The defendant had argued that the contract was an unreasonable and unnecessary restraint of their trade, it was said that there was an "undue" restraint of trade. The agreement made for twenty-one years was considered to be an unreasonable restraint of trade and therefore the contract was rendered as void. Foley v. Classigue Coaches was referred to as the case where the contract was considered as only an "agreement to agree". SCRUTTON, L. J. , dealt with the matter of trade briefly saying that it was indefensible.

The reasons given in this case were not applicable to Mr Megarry's proposition, despite the agreement being applicable to all petrol required by the defendants for their business being run on a particular piece of land. vi. King's motors (Oxford) Ltd. v. Lax and another, was a case of a filling station on lease to the plaintiffs, where an agreement was to be made later on the rent to be paid on the premises. The defendants gave notice to the plaintiffs to the termination of the contract when the defendants tried to exercise the option.

The plaintiffs argued that this option was null and void. It was held that due to the absence of arbitration clause or some prior agreement, supplementing the initial agreement that fixed the rent to be paid, the option was void and could not be enforced. The case was appealed and Foley v. Classique Coaches was used in the argument. The argument was that as in the case of Foley v. Classique Coaches a term of reasonable price and reasonable quality was implied by the courts, and if any dispute arose it should be dealt with through arbitration.

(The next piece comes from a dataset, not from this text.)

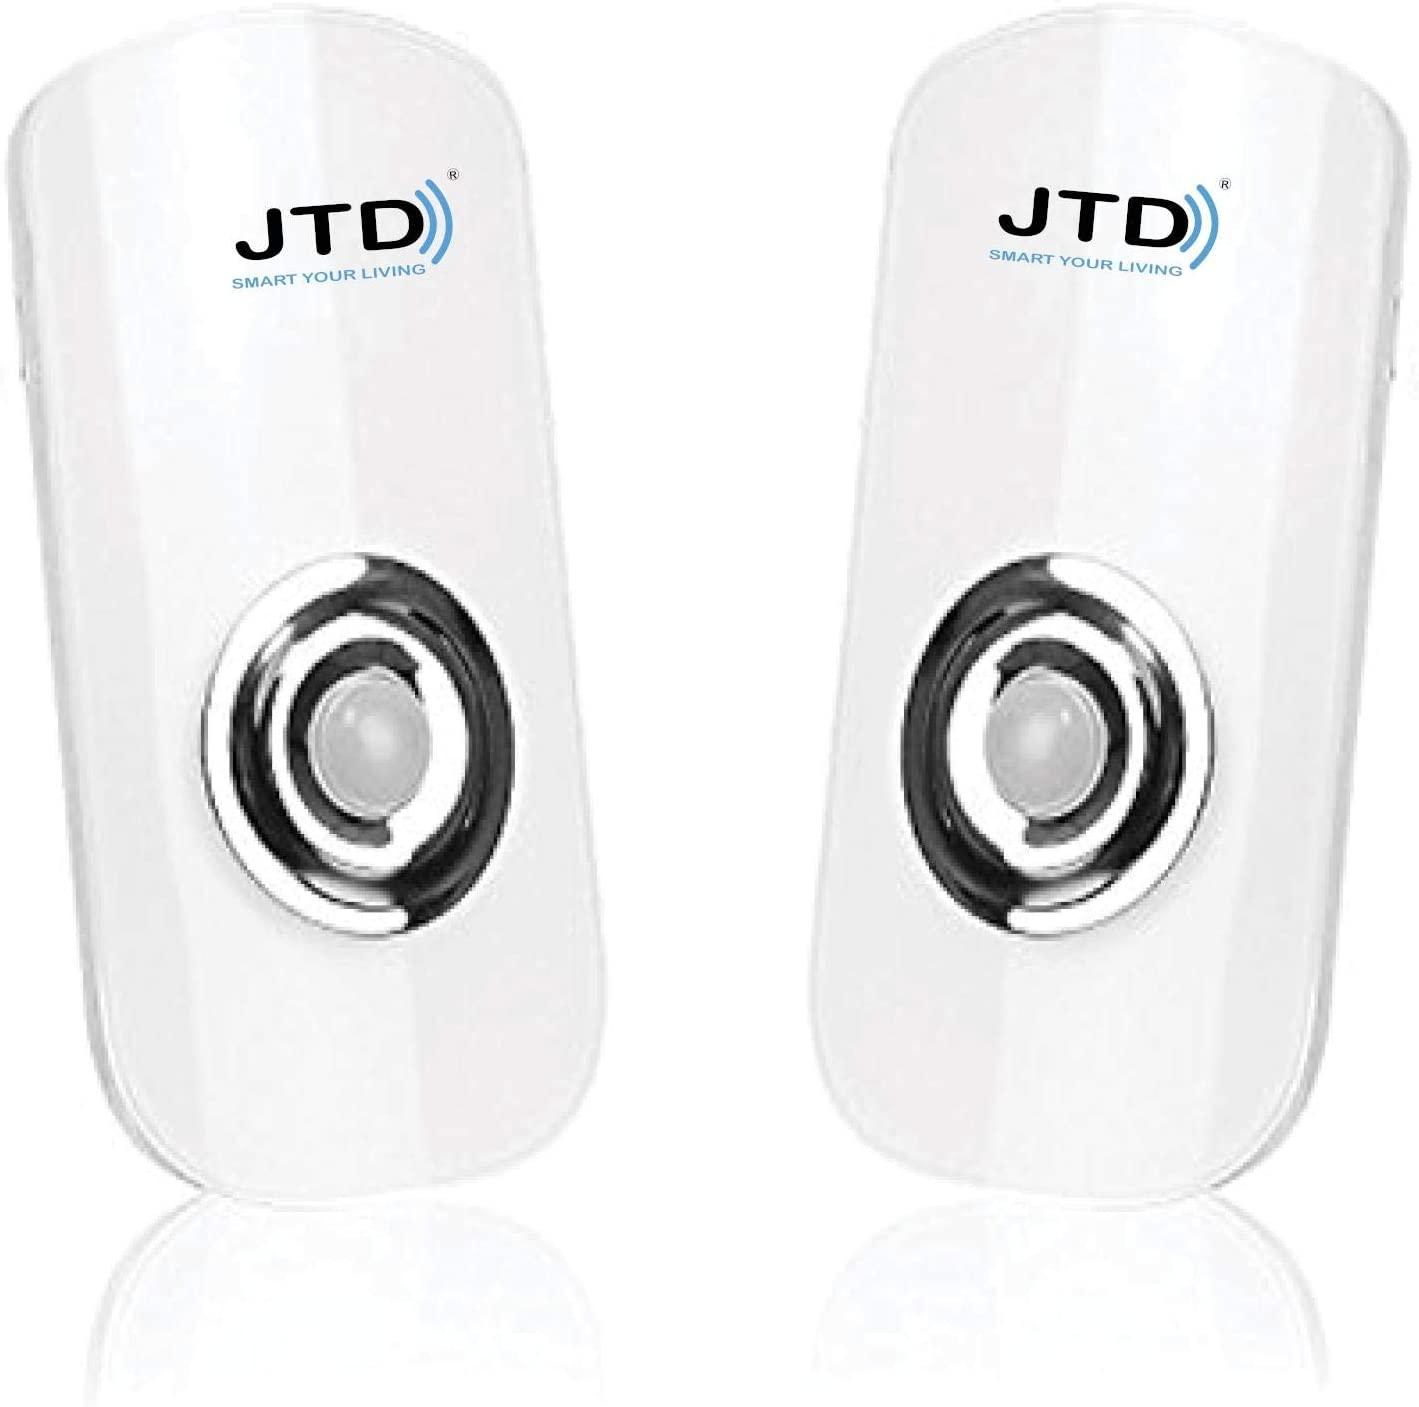 JTD Smart Energy-efficient LED Night Light Motion Auto Sensing LED Lights Motion Sensor Flashlight Rechargeable Emergency Light (2 Pack)

There is only one clause on arbitration in the case being argued which only referred to the premises catching fire. 1 Considered that where a detail had to be agreed upon there was no agreement until that detail was agreed. 2 Was decided on the case of May and Butcher, Ltd. V. R. Considered that where a detail had to be agreed upon there was no agreement until that detail was agreed. 3 Repudiation of contract relieves other party from performance of any conditions precedent. 4 Arbitration should take place if both parties can agree no price.